Saying those three words everybody cherishes is great, but what are your actions saying?
- Do you show the people in your life how important they are?
- Do you take time out to give your kids a hug?
- Do you touch your partner as you walk by?
- When was the last time you walked hand in hand with someone that you love?
Affection has a way of making even the worst day better and it only takes the smallest of gestures. A light touch. A smile from across the room. A kiss on the cheek.
People need to know that no matter how much time passes, they are still being seen and adored.
9. Encouragement and Appreciation
“You’re doing great.” “You are awesome.” “You’re the best person for the job!” “I couldn’t have done this without you.” Words of encouragement and appreciation make a big difference.

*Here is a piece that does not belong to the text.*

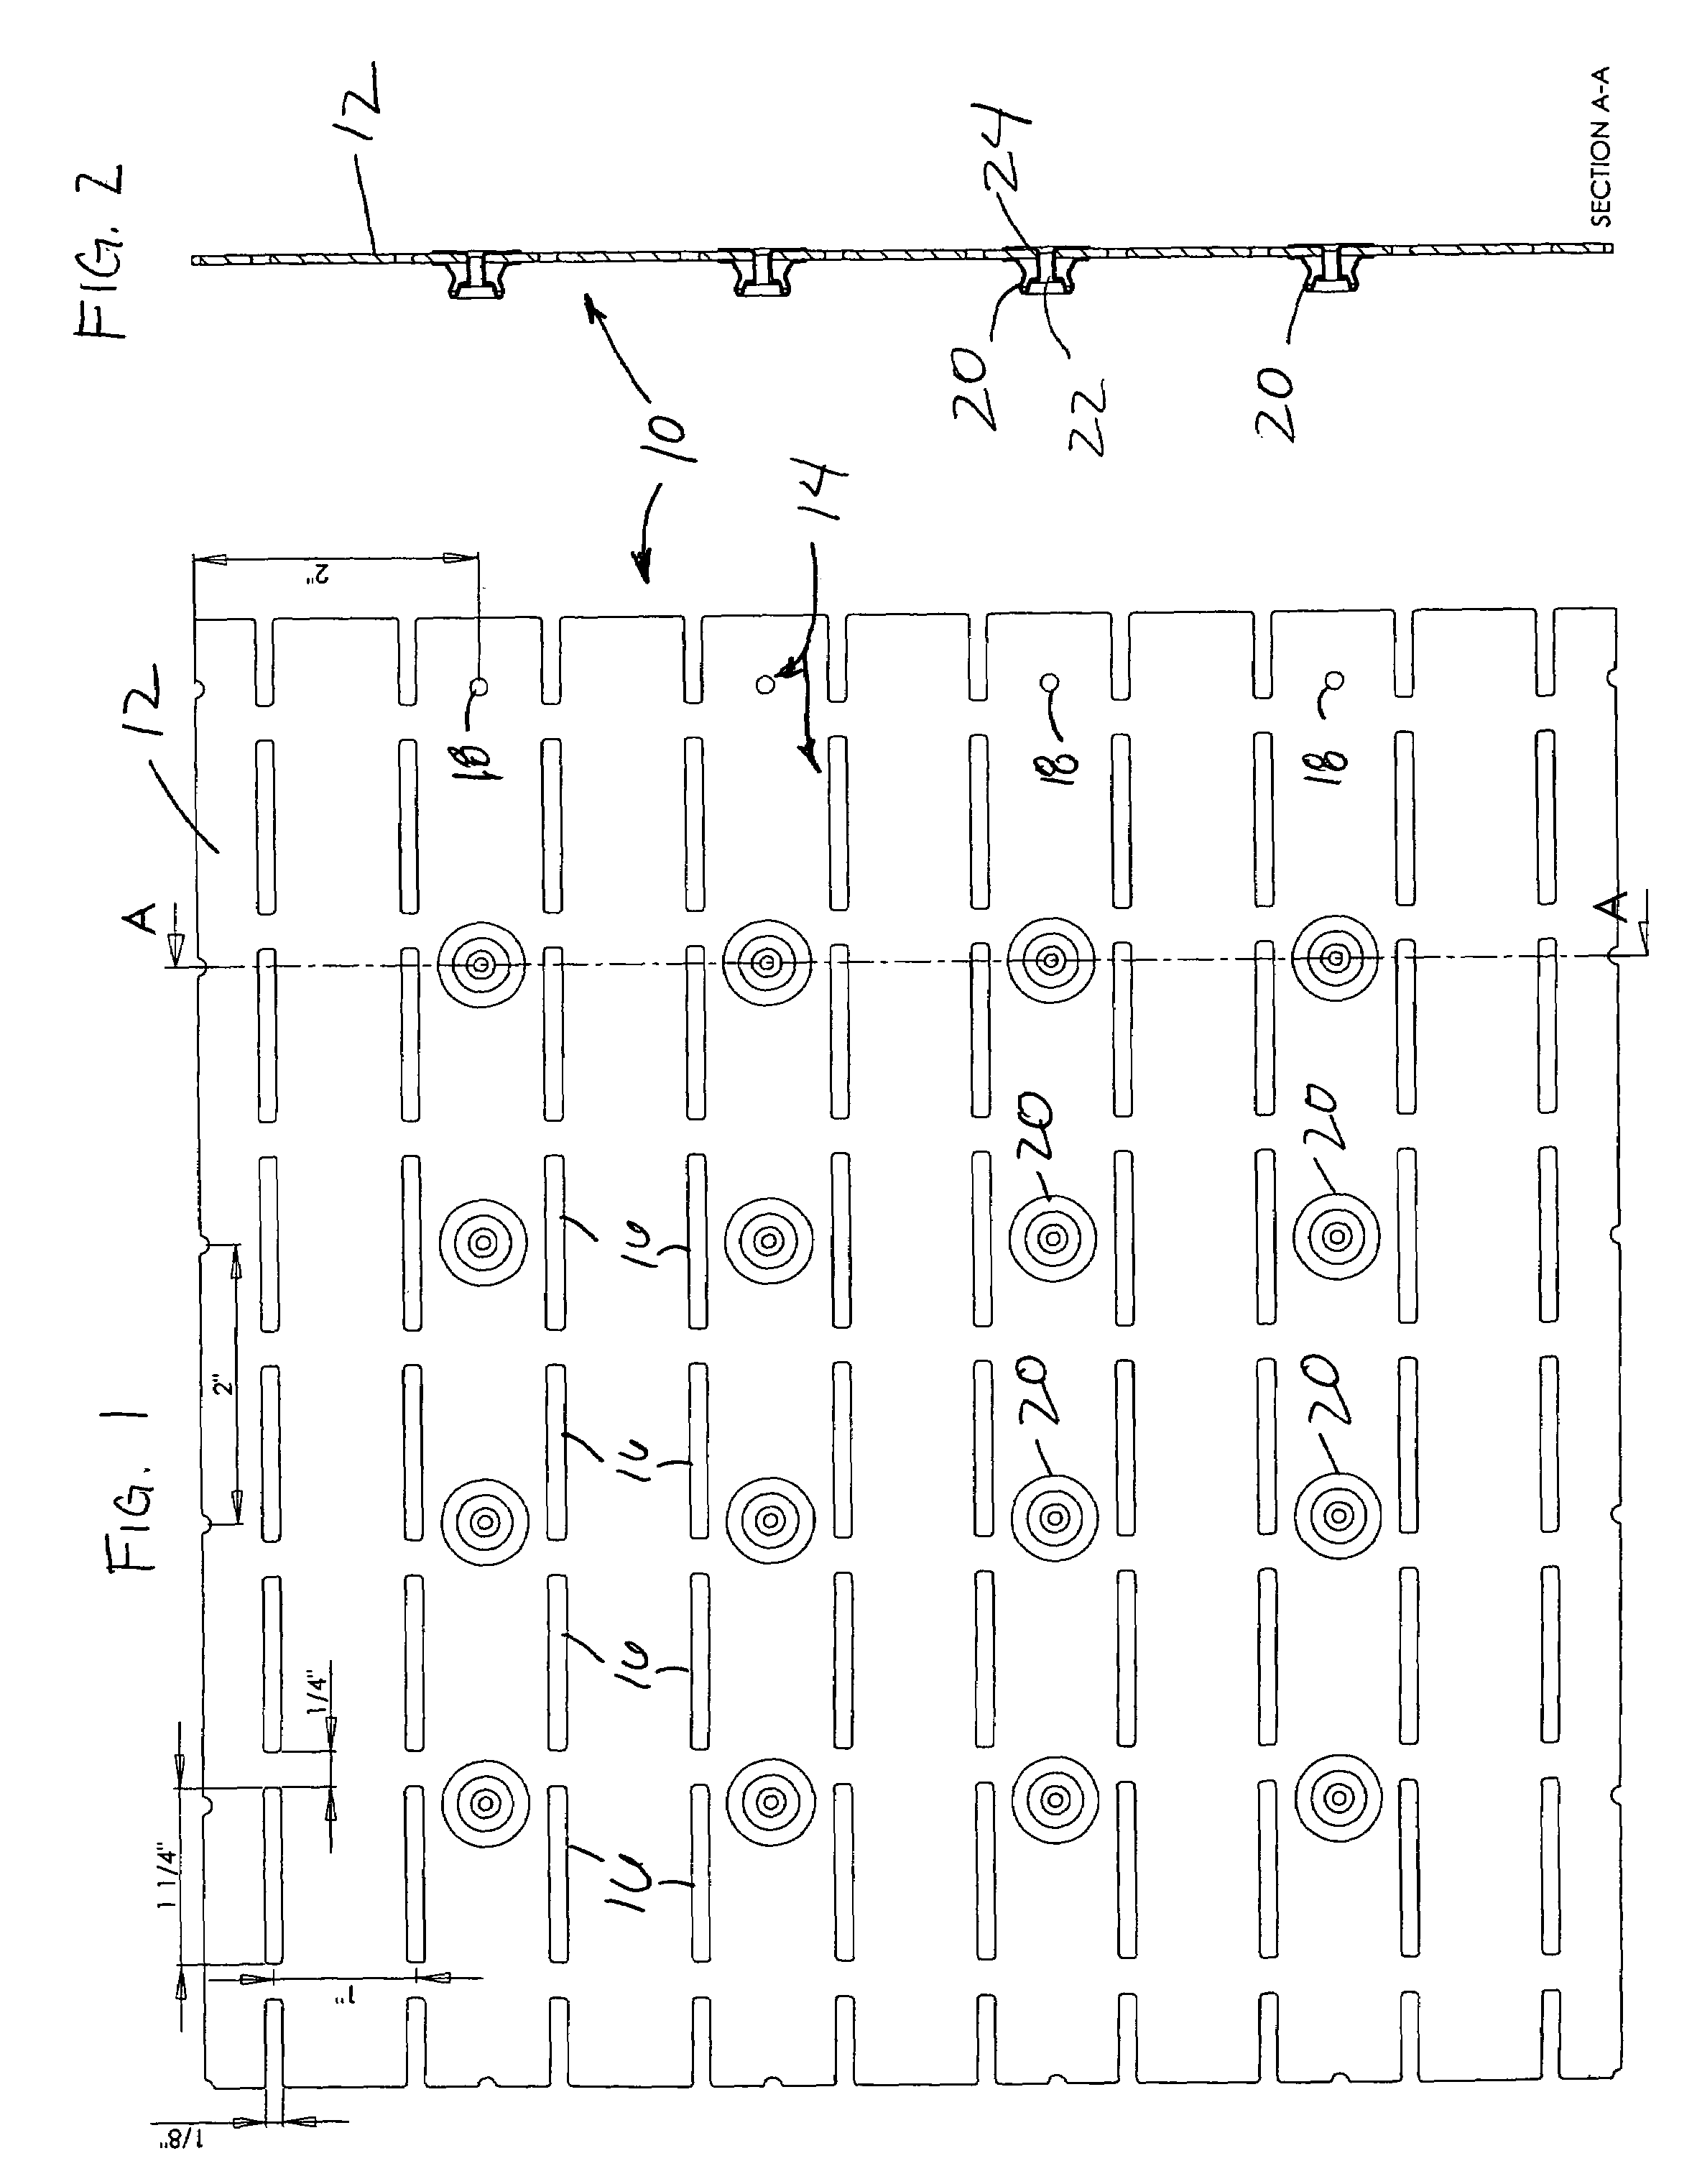 Fabric for load bearing vests having a pocket fastening system

If people work and work and work with no appreciation for what they are doing, they really have no incentive to keep doing it.
Say thank you when someone does something nice for you — and mean it. Leave a love note by the coffee maker. Write a thank you in lipstick on the bathroom mirror. Put a note in your child’s lunchbox and tell them you think they are great.
Text your teen that you trust them and you are proud of them. People love being appreciated for things they are already doing. And appreciation leads to a snowball effect of more amazing things being done.
It’s easy to forget about having fun when the bills are due or when things aren’t going the way you had hoped or planned.
But a little bit of playfulness can change the whole landscape of a relationship. It’s never good for any relationship when both parties are in a bad mood. It doesn’t matter if it’s a parent/child partnership, a husband/wife or two best friends.
There has to be one who is up when the other is down — because two downers make for a very long night and a very miserable life.
Make time to be playful. Life goes by too fast to take every part of it too seriously. Take time to laugh and joke.
11. Learn the love language
Everybody has a predominant “love language.” For some, it is physical touch. For others quality time. And still others require words of affirmation, acts of service or gifts.
Gary Chapman writes about them in his book “The 5 Love Languages.” And everybody has one. When you know your partner’s love language or your child’s or your friend’s, you can better show them that you care for them with actions they automatically accept as proof of love.
By the way, you have a love language too. If you want to know what yours is, you should take this short quiz. (I did. And my results were pretty eye-opening).
Learning all the ways to show someone you care and that you love them is crucial in maintaining healthy relationships. And absolutely worth the effort.
In truth, none of these suggestions are huge surprises.
You already know what you should be doing for the people who mean something to you. But sometimes you need a reminder of what you aren’t doing.
Consider this that reminder. For when you need it.
You cannot foster healthy relationships with neglect. So what are you waiting for? Pick a few tasks from the list above and get to work on what matters most.